3. Quality comes with a price, nothing is free: Many freelance developers can develop a clone of any product, but behind that many inefficient management and defects are going to exist. In the long run, the product owner ends up with scalability issue. Choosing the right set of the team with little extra cost goes profitable in the long run.
4. Share the vision and know-how: Share your whole business idea, an outsourcing company will not steal the idea from you but understands the key concepts of business, your problems, strategies, budget, timing, and features. Understanding the business is a very important factor for the outsourcing development team to build a quality Product for you.
What is required/ not required before you start outsourcing software development
Required:
1. Sound understanding of product concept: Identity purpose, users and monetization methods. Tools that can help: Impact Mapping, Canva Business Modeling, Customer Interviews, A/B testing with Landing Pages.
2. Create some designs and mockups: Basic mockup or sketches and the customer road map is important. The neat design should be maintained as in this stage to understand how your users will “navigate” the product and features they will use.
3. Fix the budget and schedule: Share this with your contractor, and determine the amount of time to communicate with the team. Phase wise demo for progress to monitor the development of the product.
Not Required:
The hiring of the technical writer or business analyst.

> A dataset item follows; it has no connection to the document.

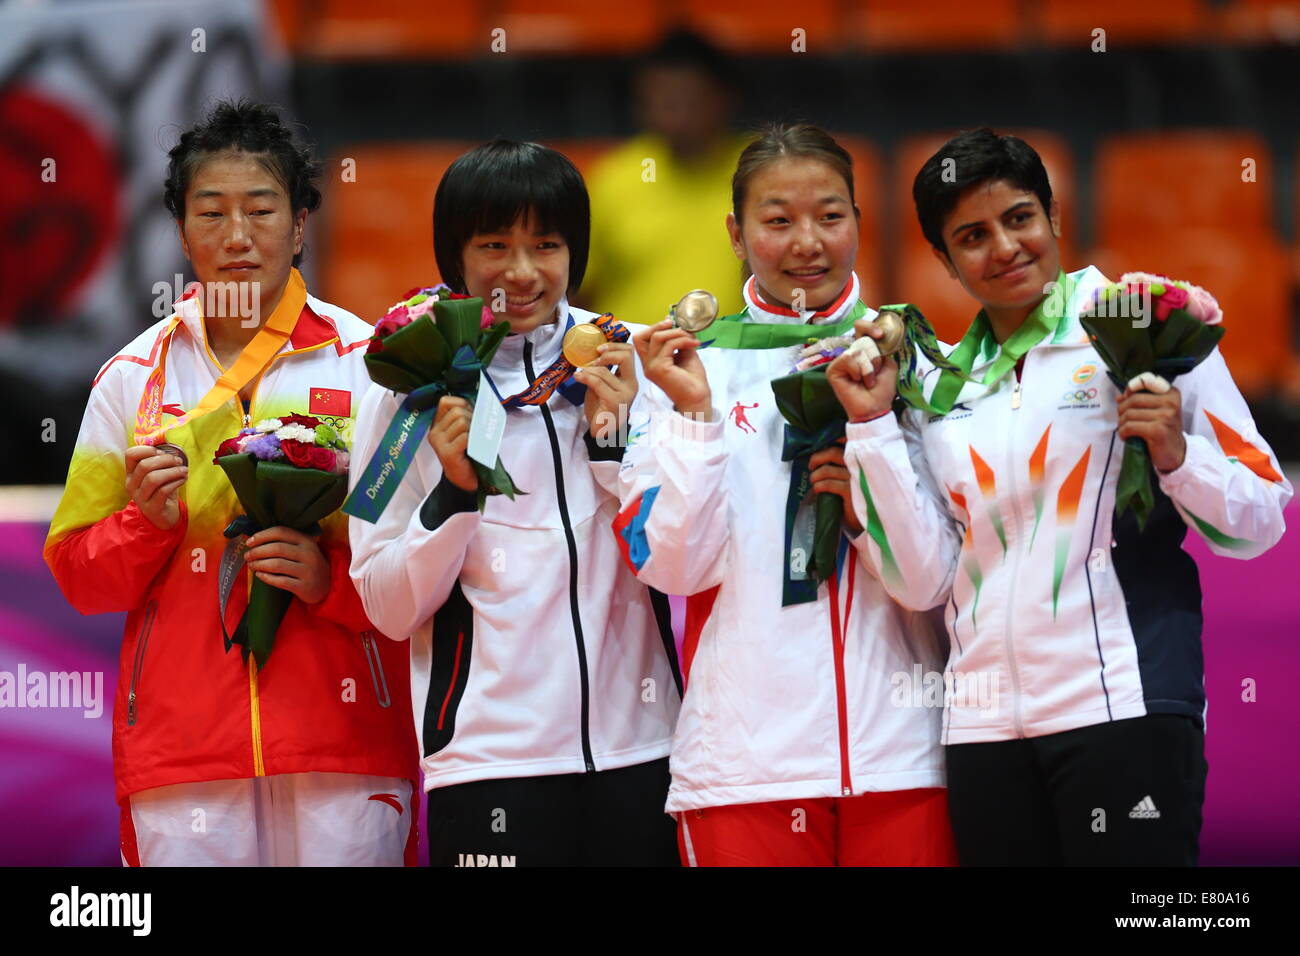 Incheon, South Korea. 27th Sep, 2014. Gold medalist Watari Rio (2nd L) of Japan, silver medalist Xiluo Zhuoma (1st L) of China and bronze medalists Jakhar Geetika (1st R) of India and Sukhee Tserenchimed of Mongolia pose during the awarding ceremony of the women's freestyle 63 kg contest of wrestling at the 17th Asian Games in Incheon, South Korea, Sept. 27, 2014. Watari Rio defeated Xiluo Zhuoma 3-1 and claimed the title. © Fei Maohua/Xinhua/Alamy Live News Stock Photo

What to be known when a team is selected
Kick-off phase with a technical expert, sales manager, and project manager
1. Discuss the main artifacts of the project, make a plan on what is missing, vision about the project’s purpose, users and threads.
2. Interaction with designers from the beginning is very important as design is the critical part of the application. Once the design prototype is signed off then the actual product development should kick off.
3. Discuss the division of the Product Owner responsibility.
4. Keep updates with product development and delivery. Phase wise demo is important to meet the timeline for Go to Market plan.
Clear Project Road map
The product roadmap is very important from day one. Phase wise product feature planning and the design part comes at the first phase.
At this phase, changes are affordable in terms of cost and time. Once development starts the price of correcting the product flow change will increase at each stage. We are almost involved in the process to avoid such situations, but without your expert knowledge, we are unlikely to build an innovative product.